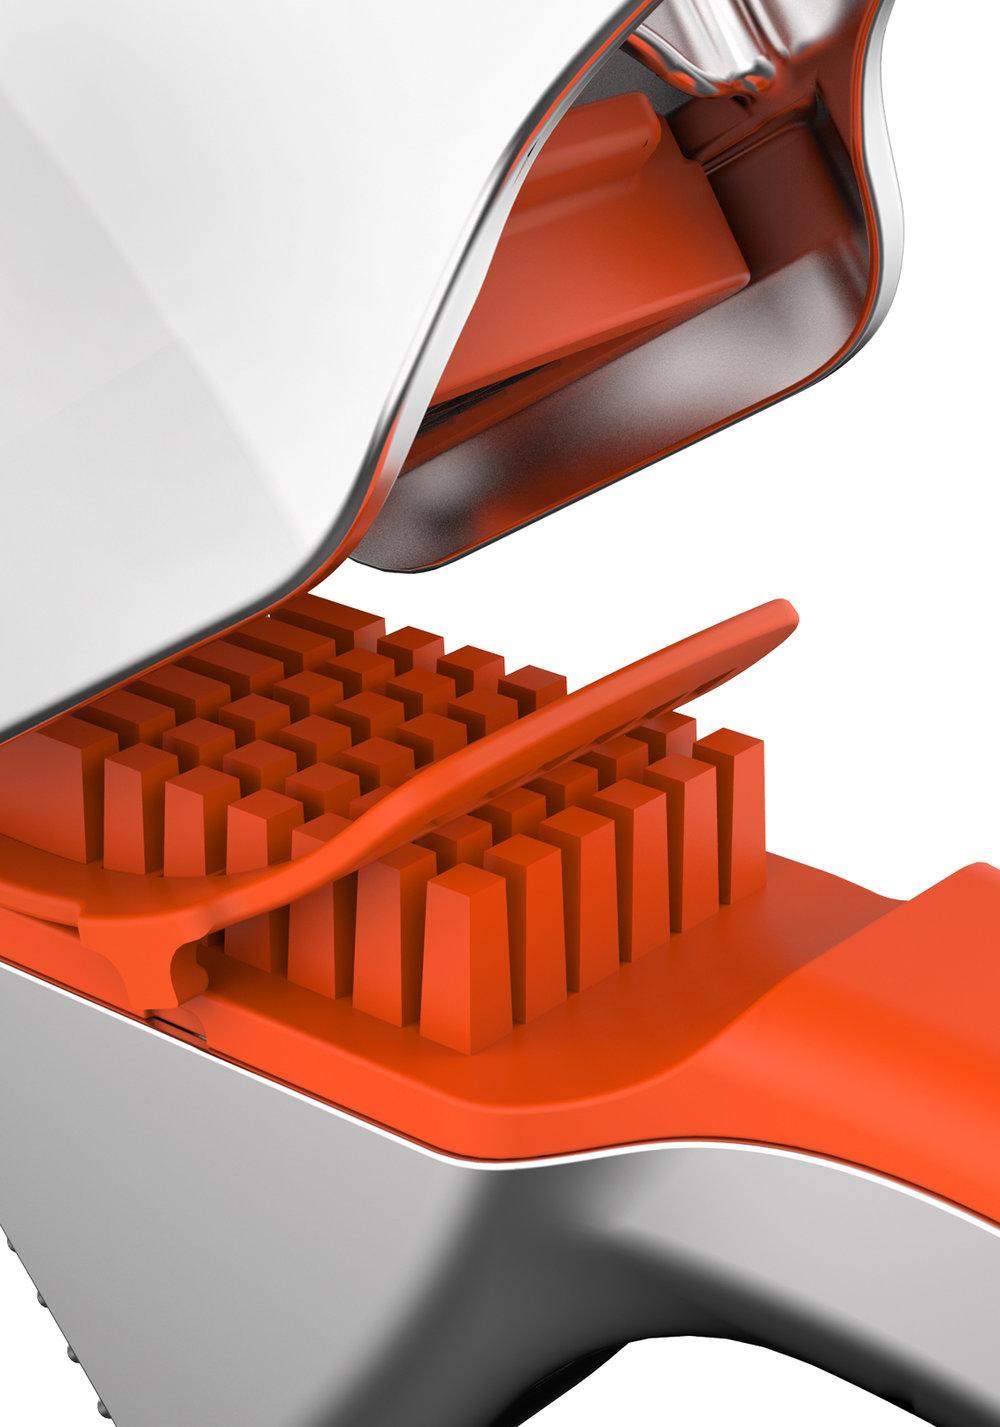 nettoyage facile - Il suffit simplement de tirer sur la languette de nettoyage pour nettoyer la grille.500332 GARLIC PRESS
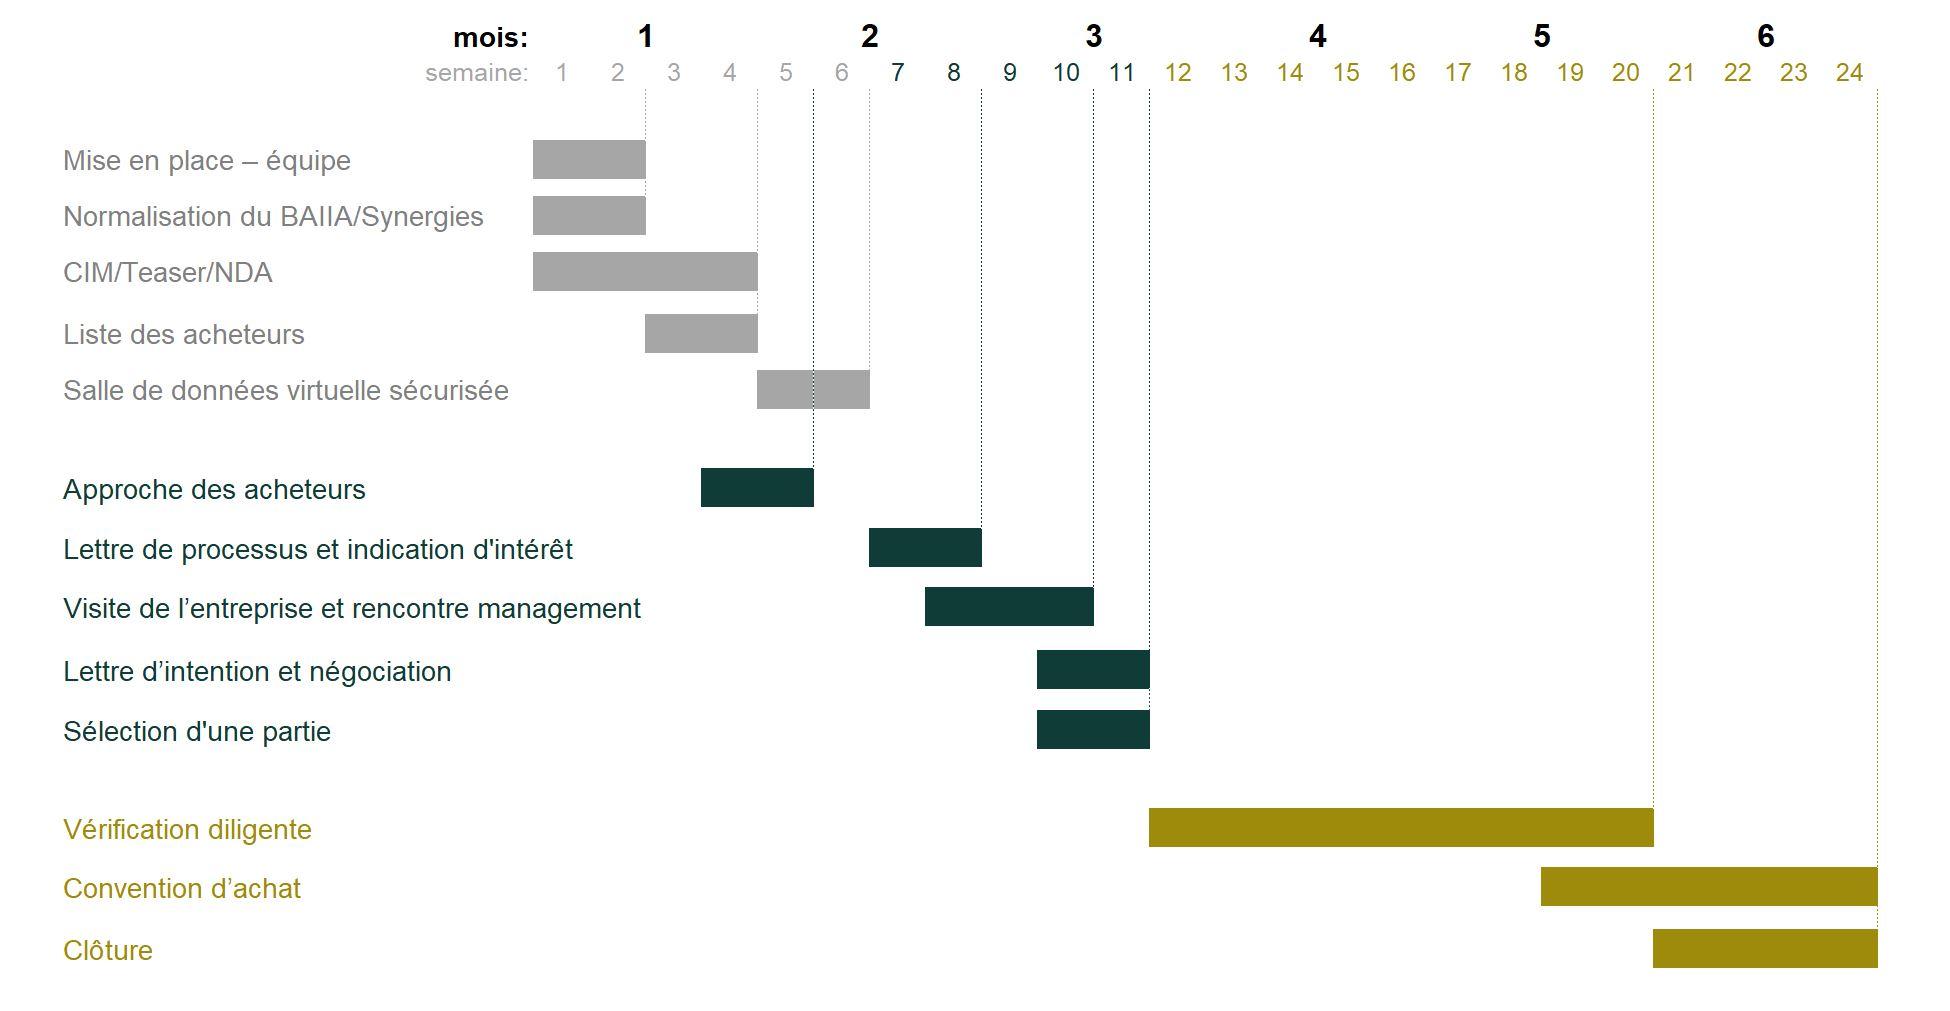 Les étapes d'un processus structuré de vente d'entreprise
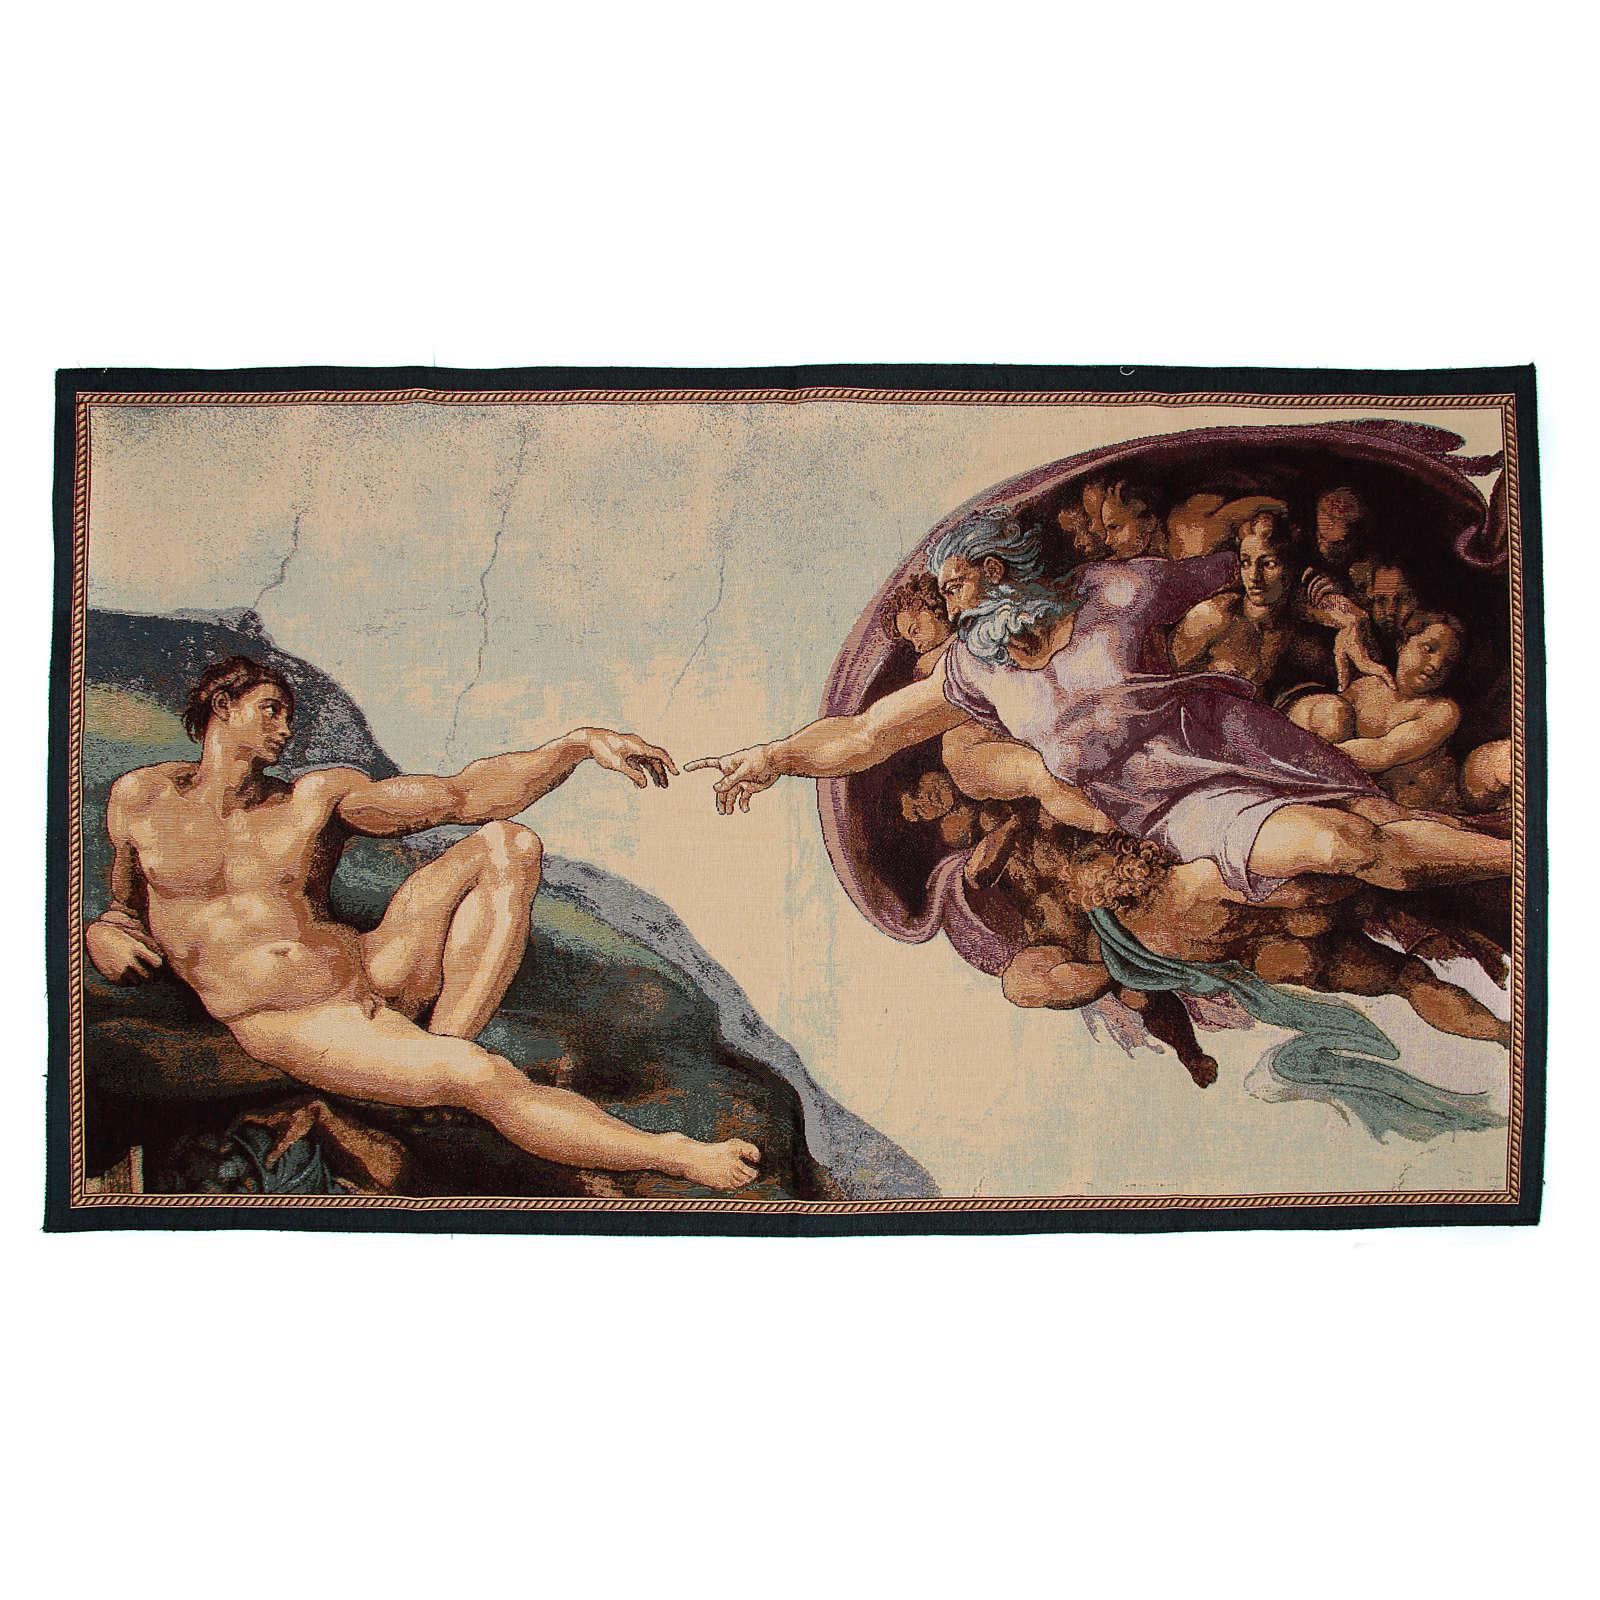 Tapiz Creación Fresco Michelangelo Buonarroti 65 x 125 cm 3
⁂
[What needs to be done]
Repeat the listing exactly; do not print any picture.

[Solution to this task]
 nettoyage facile - Il suffit simplement de tirer sur la languette de nettoyage pour nettoyer la grille.500332 GARLIC PRESS
 Les étapes d'un processus structuré de vente d'entreprise
 Tapiz Creación Fresco Michelangelo Buonarroti 65 x 125 cm 3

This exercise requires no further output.